Only the pictures are to be dropped; the rest of the data below is to be duplicated exactly.

Dataset content »
"""

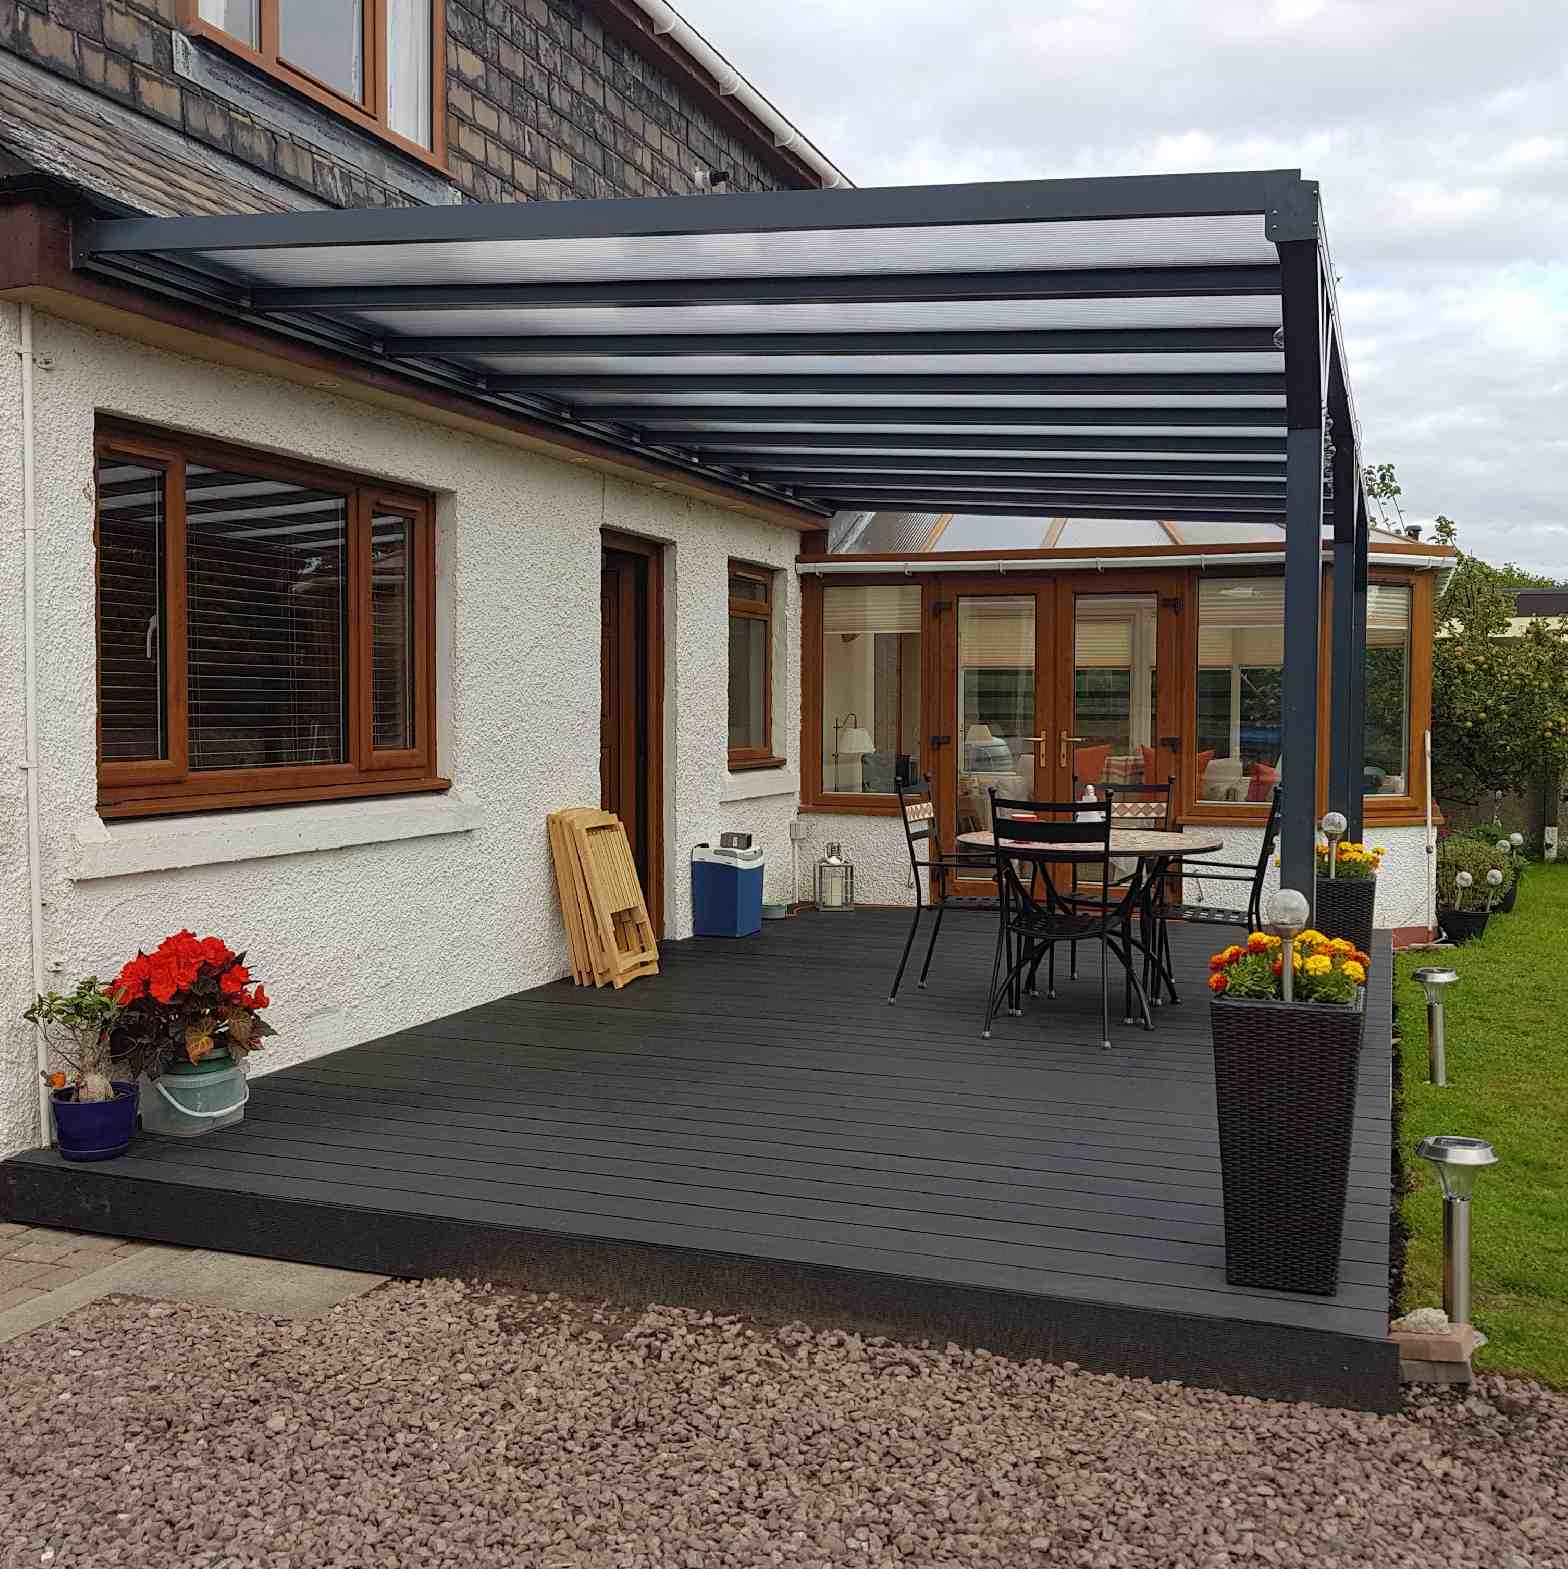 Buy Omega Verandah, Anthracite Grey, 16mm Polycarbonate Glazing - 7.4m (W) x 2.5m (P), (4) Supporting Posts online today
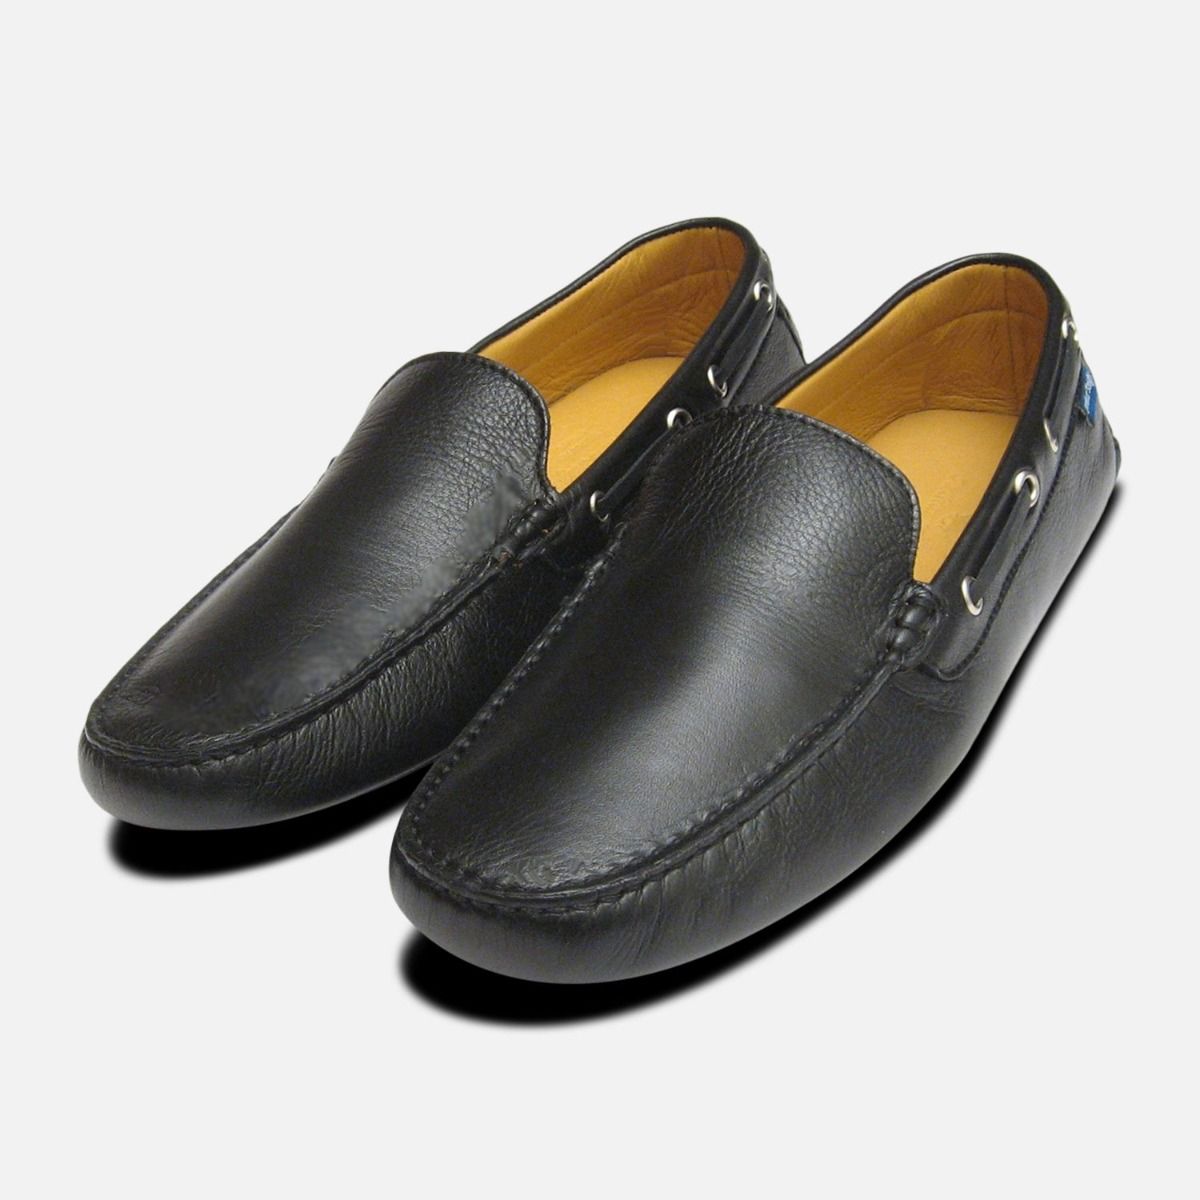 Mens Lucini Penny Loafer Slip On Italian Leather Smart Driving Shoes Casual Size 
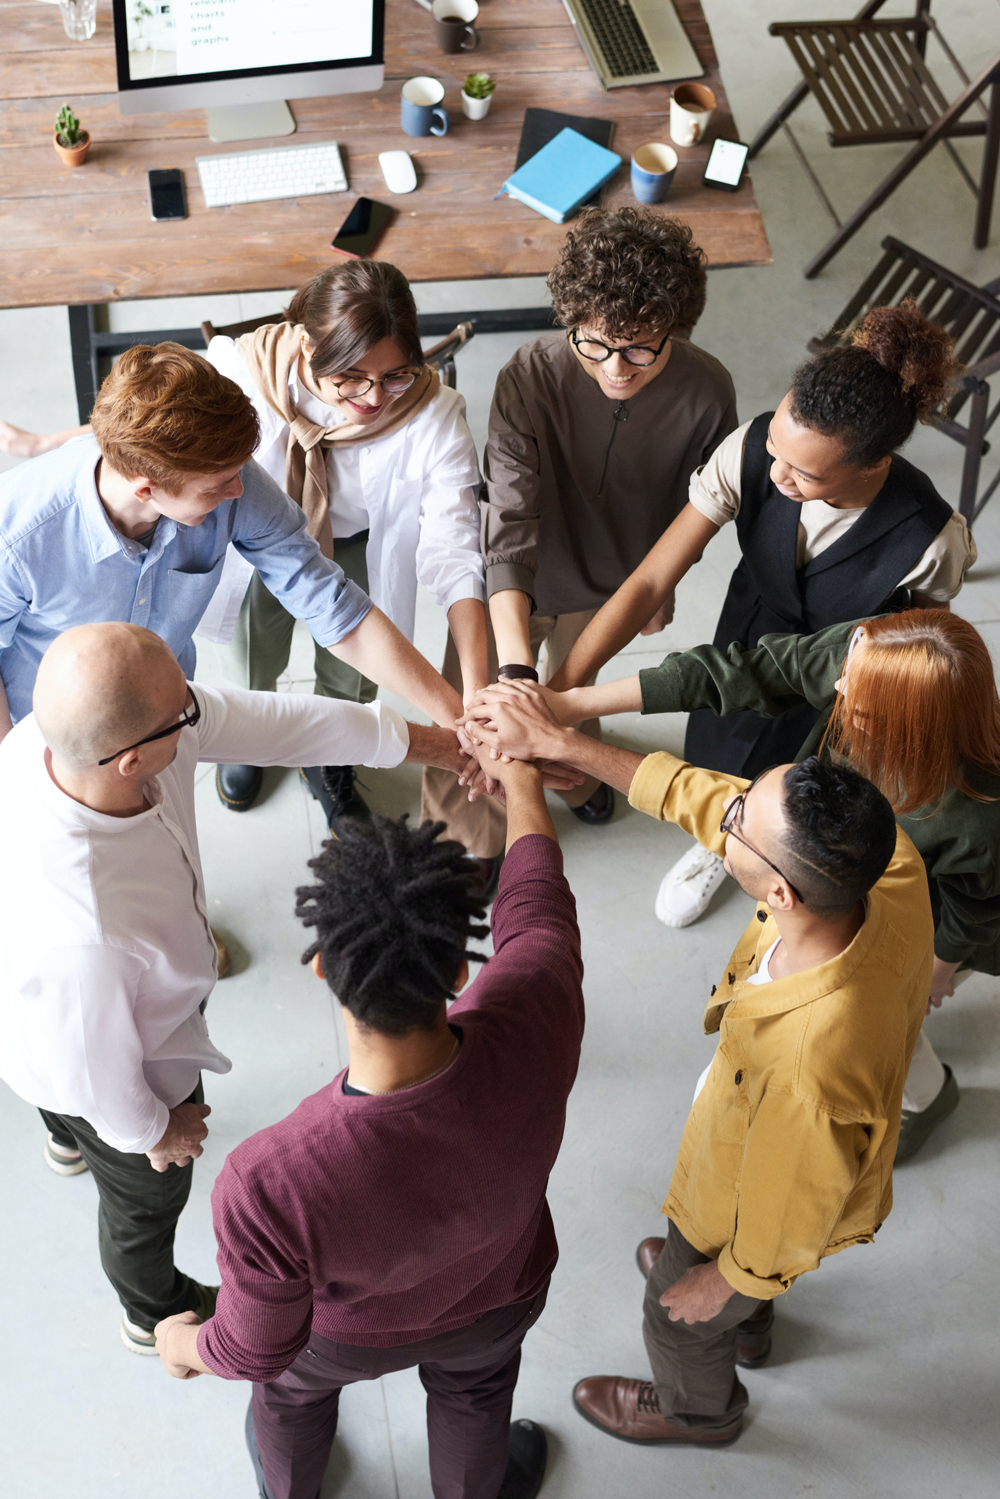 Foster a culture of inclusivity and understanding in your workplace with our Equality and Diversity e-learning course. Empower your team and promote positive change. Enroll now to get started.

"""

Solution below »
 Buy Omega Verandah, Anthracite Grey, 16mm Polycarbonate Glazing - 7.4m (W) x 2.5m (P), (4) Supporting Posts online today
 Mens Lucini Penny Loafer Slip On Italian Leather Smart Driving Shoes Casual Size 
 Foster a culture of inclusivity and understanding in your workplace with our Equality and Diversity e-learning course. Empower your team and promote positive change. Enroll now to get started.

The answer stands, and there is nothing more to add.